In Israel's Coronavirus Crisis, ultra-Orthodox Torn Between Rabbis, Government Orders

In one yeshiva in southern Israel, studies continue as usual 'as long as we can,' despite measures intended to contain the coronavirus outbreak

Aaron Rabinowitz
Aaron Rabinowitz
An ultra-Orthodox man walks past signs urging people to stay home at the Mea She'arim neighborhood in Jerusalem, March 18, 2020.
An ultra-Orthodox man walks past signs urging people to stay home at the Mea She'arim neighborhood in Jerusalem, March 18, 2020. Credit: Ohad Zwigenberg
Aaron Rabinowitz
Aaron Rabinowitz

The instruction of Rabbi Chaim Kanievsky, one of the leaders of the Lithuanian ultra-Orthodox community, to continue studying in yeshivas and religious schools this week caught the ultra-Orthodox media off guard.

Many in the ultra-Orthodox public were confused in recent days by the contradicting orders of the rabbis to continue studies as usual, and the Health Ministry’s order to close all education institutions in the face of the coronavirus outbreak.

Meanwhile the community is preparing for another Sabbath in small numbers and in sterile prayer tents, at least on paper.

Despite Kanievsky’s latest instruction, the situation had altered drastically by Thursday. If until recently many obeyed him and continued their study routine, while trying to keep the ministry’s instructions, now, with the virus spreading rapidly in the ultra-Orthodox community – most yeshivas have closed their gates.
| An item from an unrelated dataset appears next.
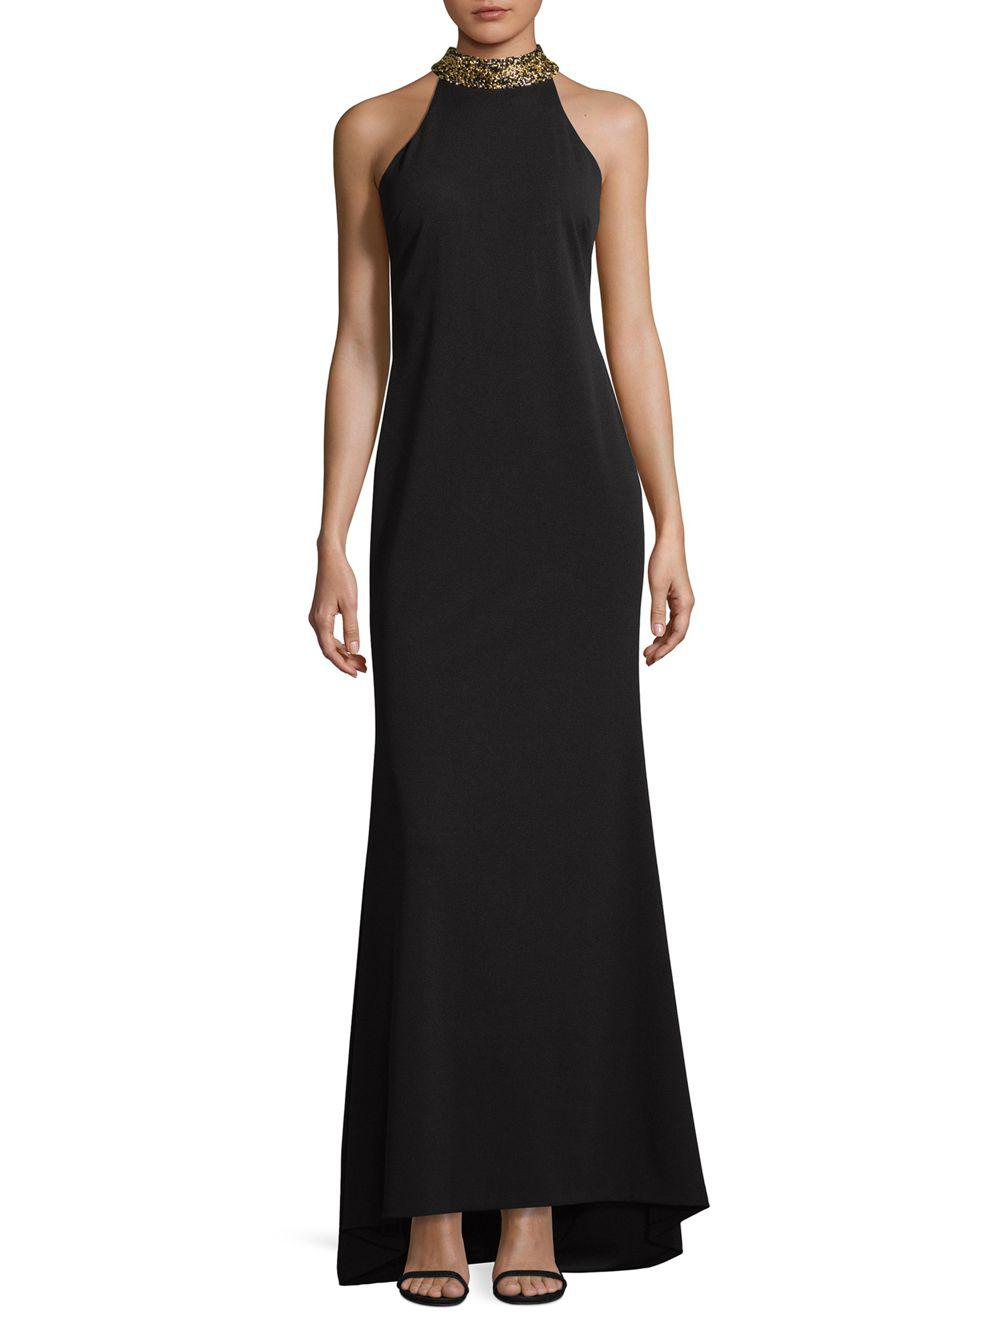 Lyst - Calvin Klein Choker Evening Gown in Black - Save ...

However, a few remained open despite the outbreak.

In Tifrah yeshiva in the south, for example, studies continue as usual. “We’ll continue as long as we can,” a yeshiva official said, adding that they’re trying to adhere to the Health Ministry’s instructions.

Most ultra-Orthodox schools under Kanievsky’s authority have closed down as well. The ones that remained open did it in a completely different format.

A religious man walks past signs urging people to stay home at the Talpiot market in Haifa, March 19, 2020.

We opened the school today later than usual, in a much more reduced matter. Tomorrow it will "be closed already,” one school principal said.

The police checked up on ultra-Orthodox schools and on the mass prayer compounds to see how Kanievsky’s instruction was being implemented. After the police check, the compounds also changed their ways.

"There’s a reduction of at least 80 percent in the number of worshippers,” says Yitzhak Sheinin, manager of the Itzkovitch prayer compound in Bnei Brak. “People are very frightened, they keep away from me while talking to me,” says Sheinin.

He said he appointed a manager at the compound entrance to direct worshippers to the various prayer rooms, to avoid crowding. “We hardly have a wall without a poster with instructions and a warning,” he says.

The leaders of the Lithuanian faction quietly passed on an instruction in recent days to listen to the police and if they ask to close a school or institution to do so without confrontation.

Last night two of Israel’s largest yeshivas, Hebron and Ponivezh, decided to close down and send the students to Passover vacation early.

In the Sephardi and Hassidic communities, leaders have already ordered a week ago to close the yeshivas and elementary schools. Rabbi David Yosef, Rabbi Ovadia Yosef’s son, halted studies in the middle of the day in the Kollel he heads, and told the students to go home. “It’s a matter of life or death, we must listen to the Health Ministry’s instructions,” he said.

Kfar Chabad closed down synagogues toward the end of the week and set up 30 prayer tents, intended to accommodate 10 worshippers each. “At a meeting with the synagogue manager it was decided that prayers will be held only if the required distance is kept between people,” the notice to the residents said.